Group of burial mounds in northern Japan

Ezuriko Kofun group (江釣子古墳群, Ezuriko kofun-gun) is a group of four separate sets of late Kofun period burial mounds in the city of Kitakami, Iwate, in the Tōhoku region of northern Japan. The tombs have been collectively designated a National Historic Site in 1979, with the area under designation expanded in 1980.

==Overview==
Located on a river terrace near the confluence of the Waga River with the Kitakami River at an altitude of 70 to 90 meters, the site consists of the Nekoyazu and Naganuma sites (29 tombs), Gojōmaru site (81 tombs), and Yahata site (23 tombs), with a total of some 120 burial mounds. All of kofun are dome-shaped, with a diameter of 4.5 to 16 meters and an average height of 0.4 to 0.7 meters. Archaeological excavations were conducted in 1954 by Waseda University on a portion of the site, and identified the kofun as being from the late 7th through early 8th centuries. Further investigation was performed by Tōhoku University in 1965. The kofun contained stone burial chambers made from piled rounded river stones, the largest of which was five meters in length, with a central trench to hold the sarcophagus. In the Gojōmaru district, one tomb was found to contain four chambers.
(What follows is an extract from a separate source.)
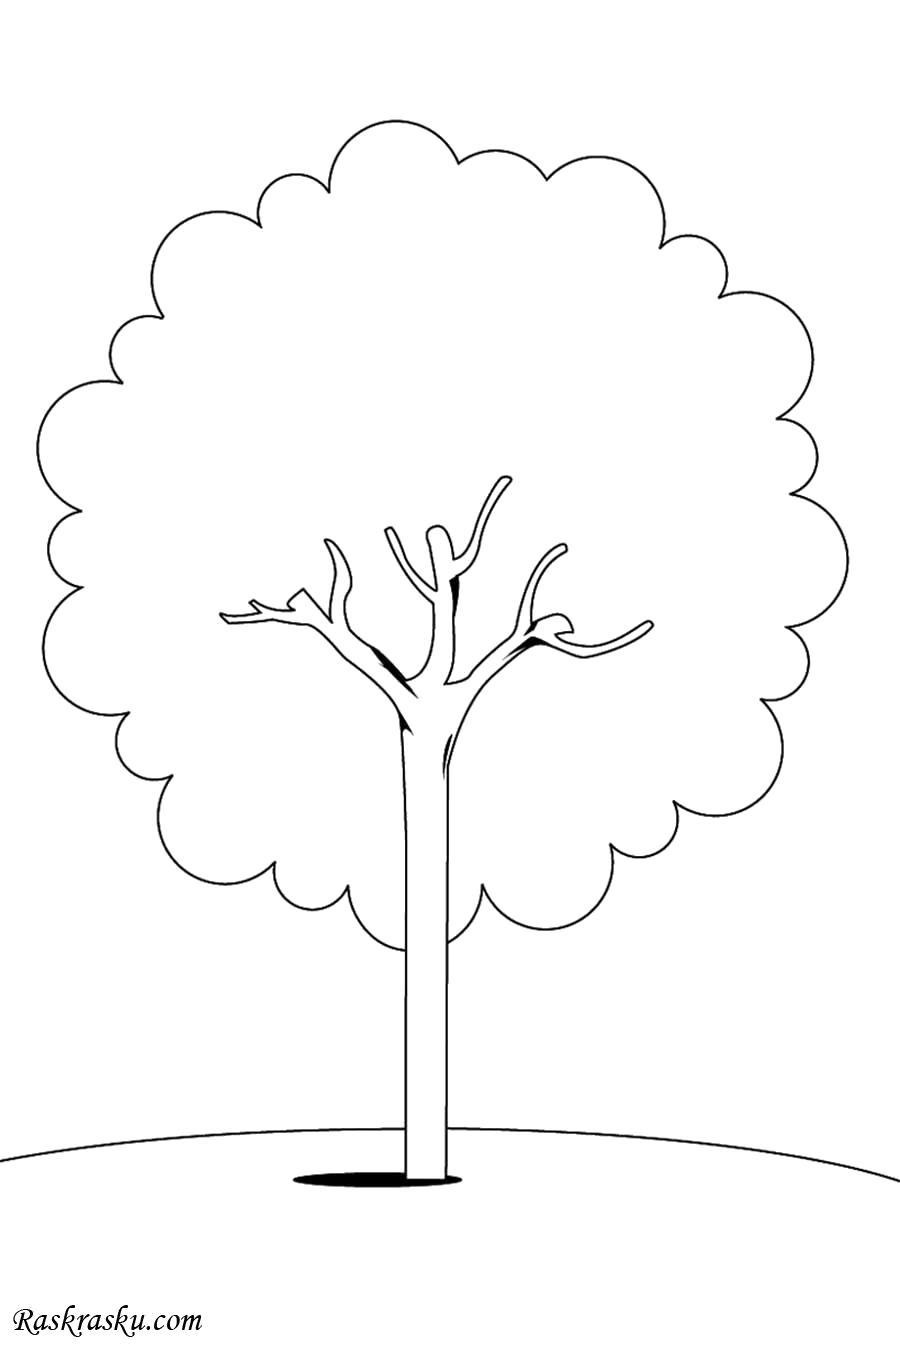 Раскраска Каштан. Скачать деревья.  Распечатать деревья

Grave goods included remnants of bladed instruments (swords, daggers, agricultural implements), jewelry (magatama beads, cylindrical beads, glass beads, etc.), horse fittings, and shards of earthenware pottery. An excavation in 1972 confirmed that the kofun in the Naganuma site were part of the same cluster, and the National Historic Site designation was modified in 1980 to include this group.

The site is located a three-minute walk from the "Gojo Maru" bus stop on Iwateken Kotsu Bus from Kitakami Station on the Tohoku Shinkansen.